# táblabíró



## pussimiao

My Hungarian-Italian dictionary says that it means _assessore alla tavola regia_, but if I search this expression in Google, I can't find anything.


----------



## pussimiao

The sentence is:

a népi szűcs- és szűrhímzés virágai a *táblabírókor* természethűségre törekvő virágbokrétáinak stilizált, elnépiesedett változatai.


----------



## Zsanna

You are not lucky with the terms you meet! 
This one is difficult again... So much so that I cannot even decide whether it is right or there is a mistake in it... 
At first sight it would mean: the period when táblabírók (your translation could be the closest you could get) were around, that is mostly in the 19th century. (Try to look up whether it was Mária Terézia or II. József who introduced the "táblabíró rendszer".)

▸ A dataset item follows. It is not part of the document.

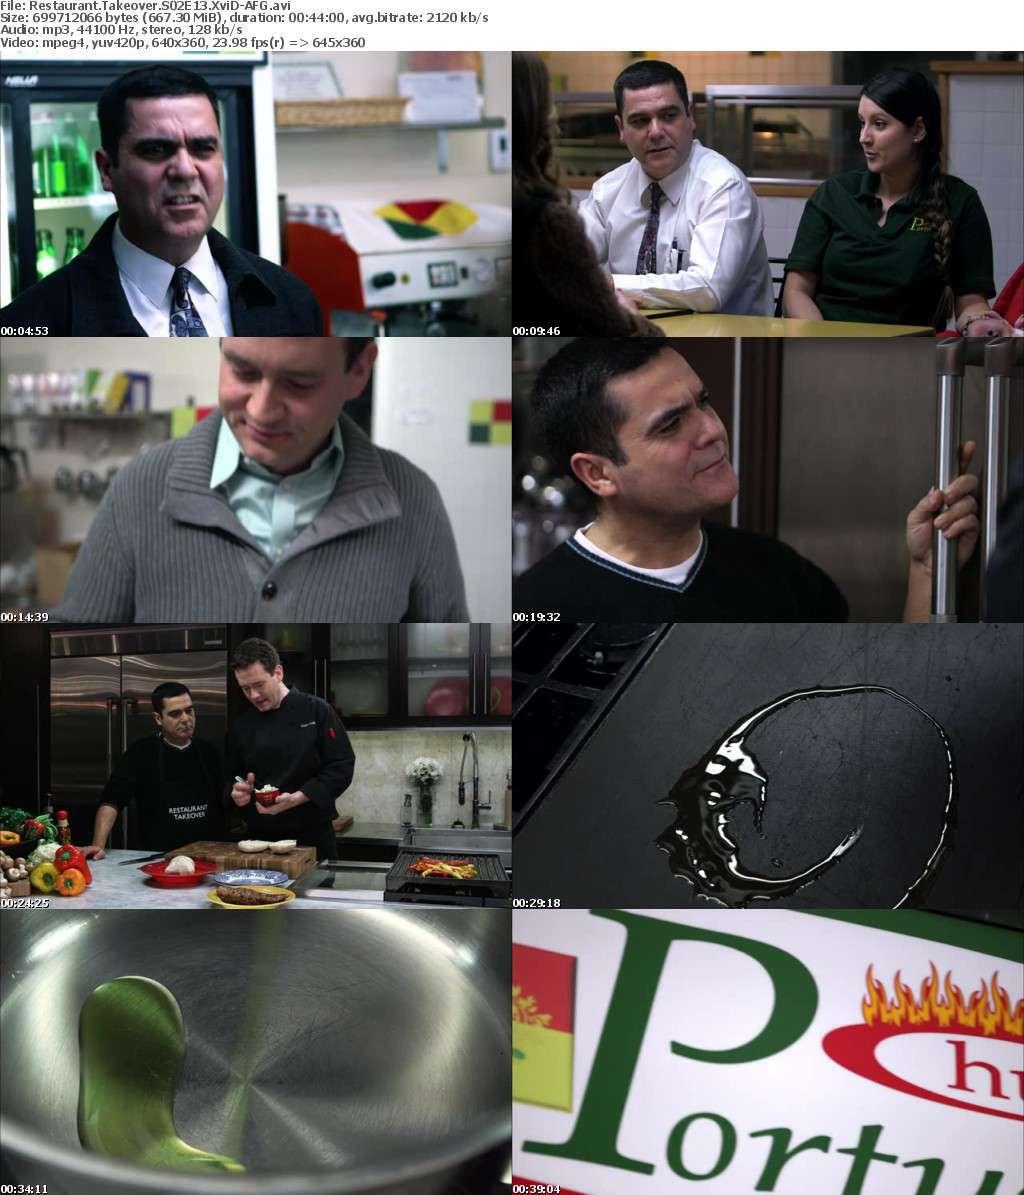 Restaurant Takeover S02E13 XviD-AFG

But it is far from being a "classical" reference to any period of time in our history! 

I'll also try to look it up and come back to you later.


----------



## Zsanna

Looking for _táblabíró_ in Google, I've found a book (sold by Amazon) entitled: 
A táblabíró világ művészete: Magyar művészet 1800 - 1850 by Lyka Károly. 

I think that is probably your answer because otherwise an everyday Hungarian would not connect embroidery to a period of special judges.


----------